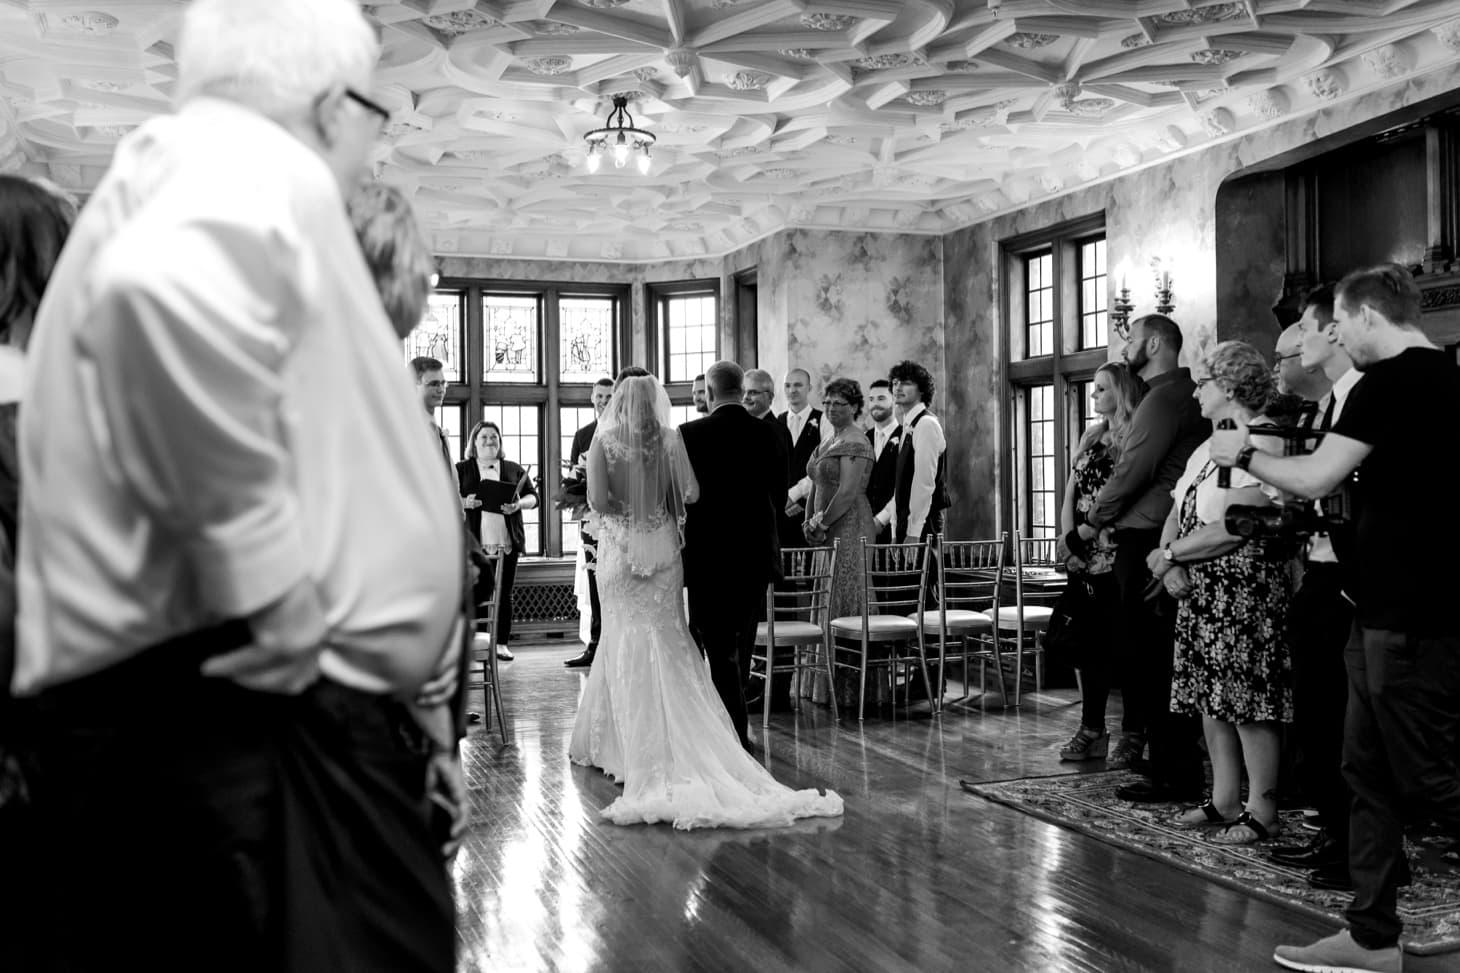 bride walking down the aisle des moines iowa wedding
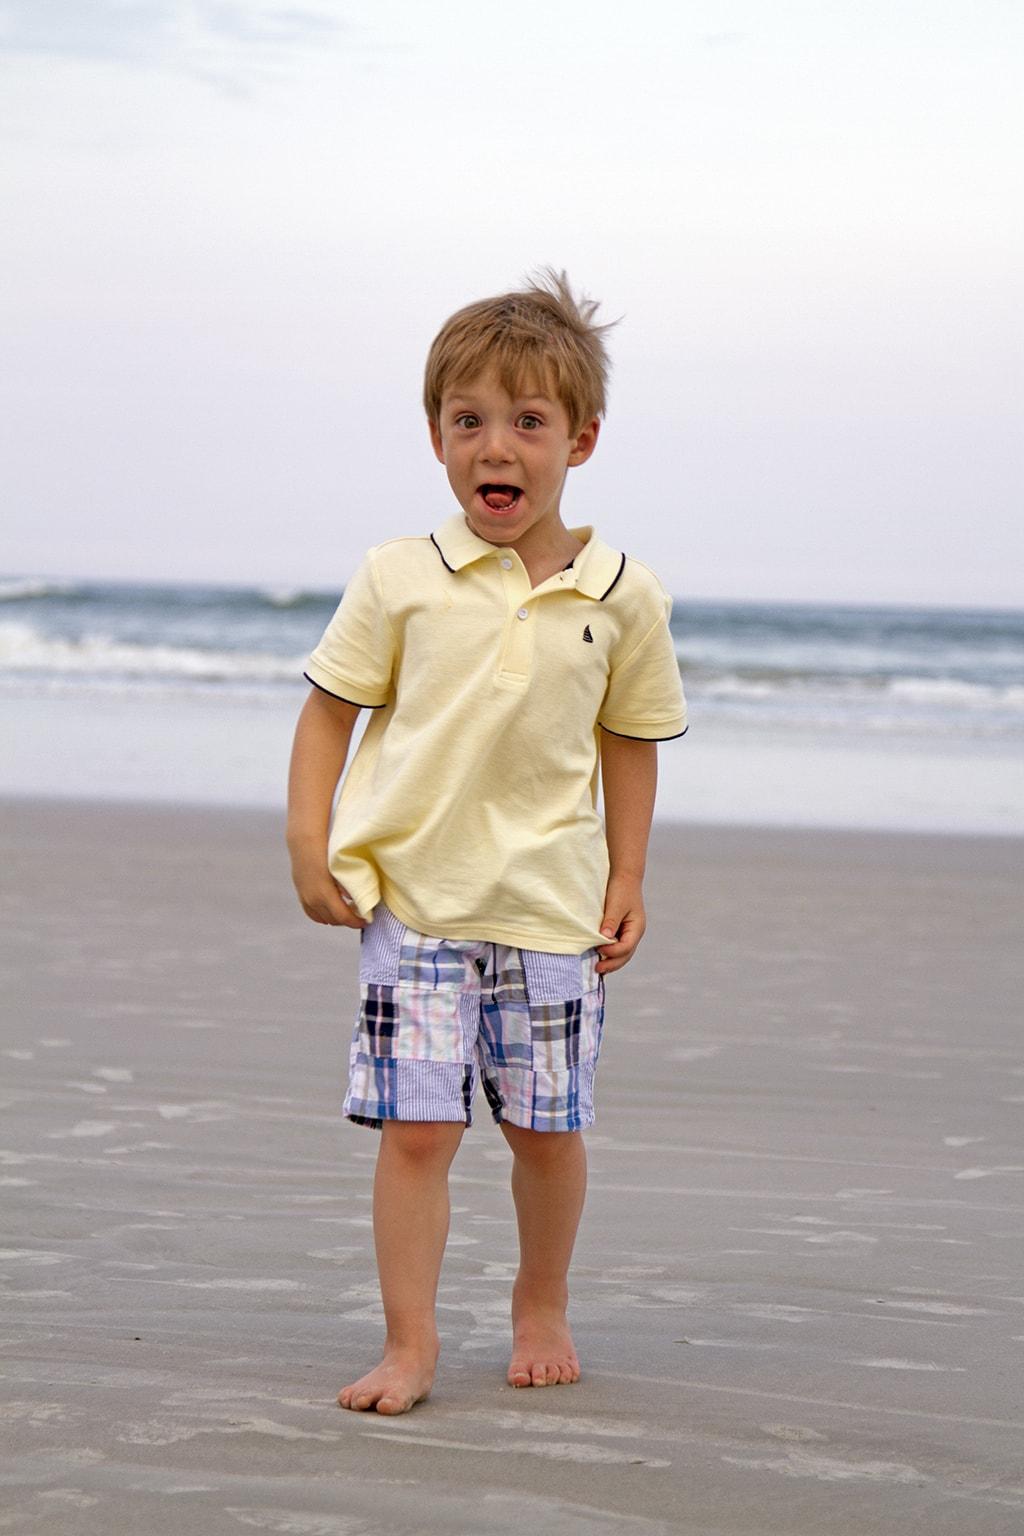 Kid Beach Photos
────────
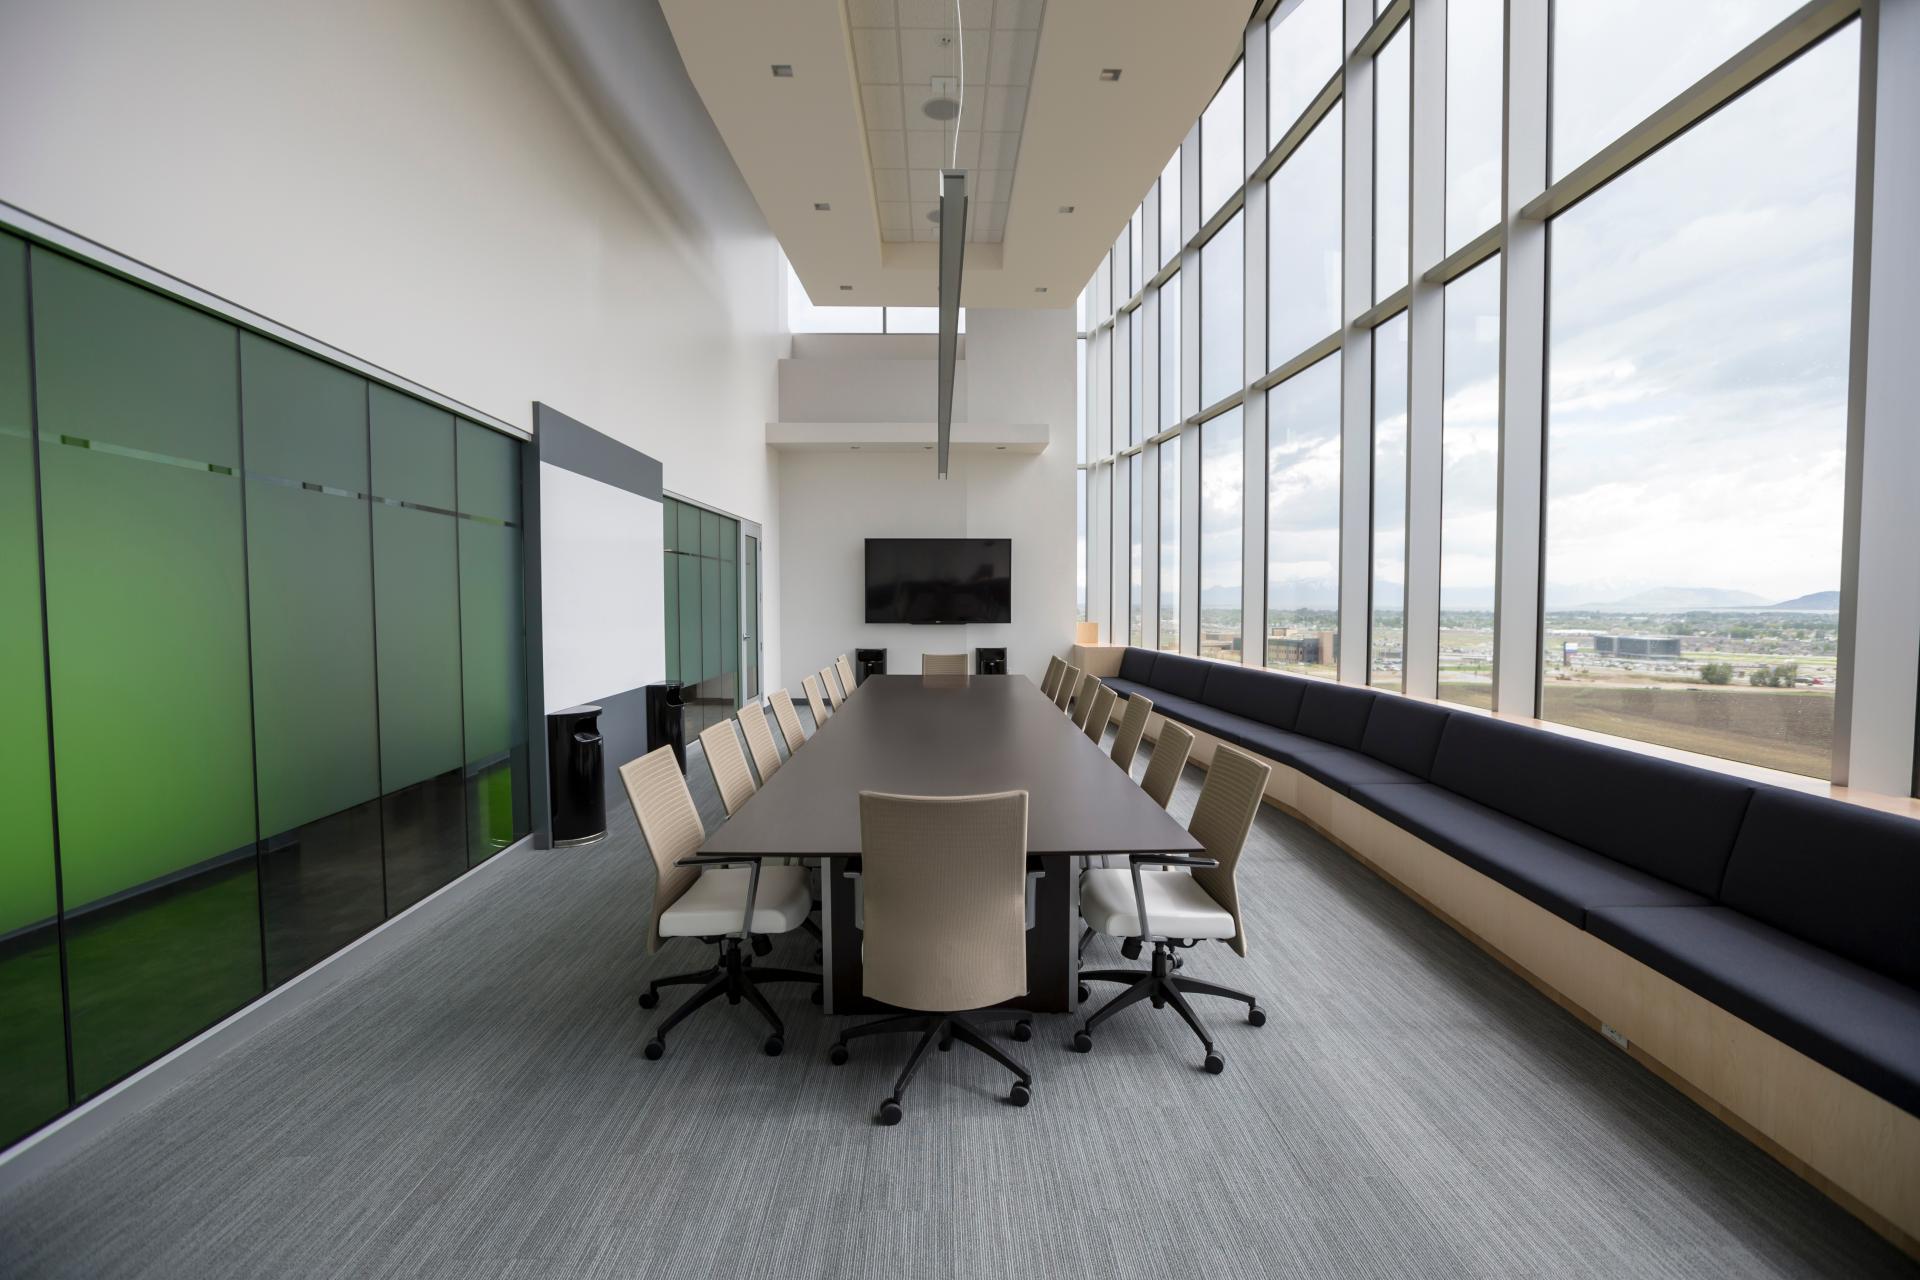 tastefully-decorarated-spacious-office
────────
THE PROBLEM:
Starting from the line with "bride walking down" in the records above, repeat each line exactly until you have written the line with "Kid Beach Photos", then stop; drop the pictures.

ANSWER TO THIS EXERCISE:
 bride walking down the aisle des moines iowa wedding
 Kid Beach Photos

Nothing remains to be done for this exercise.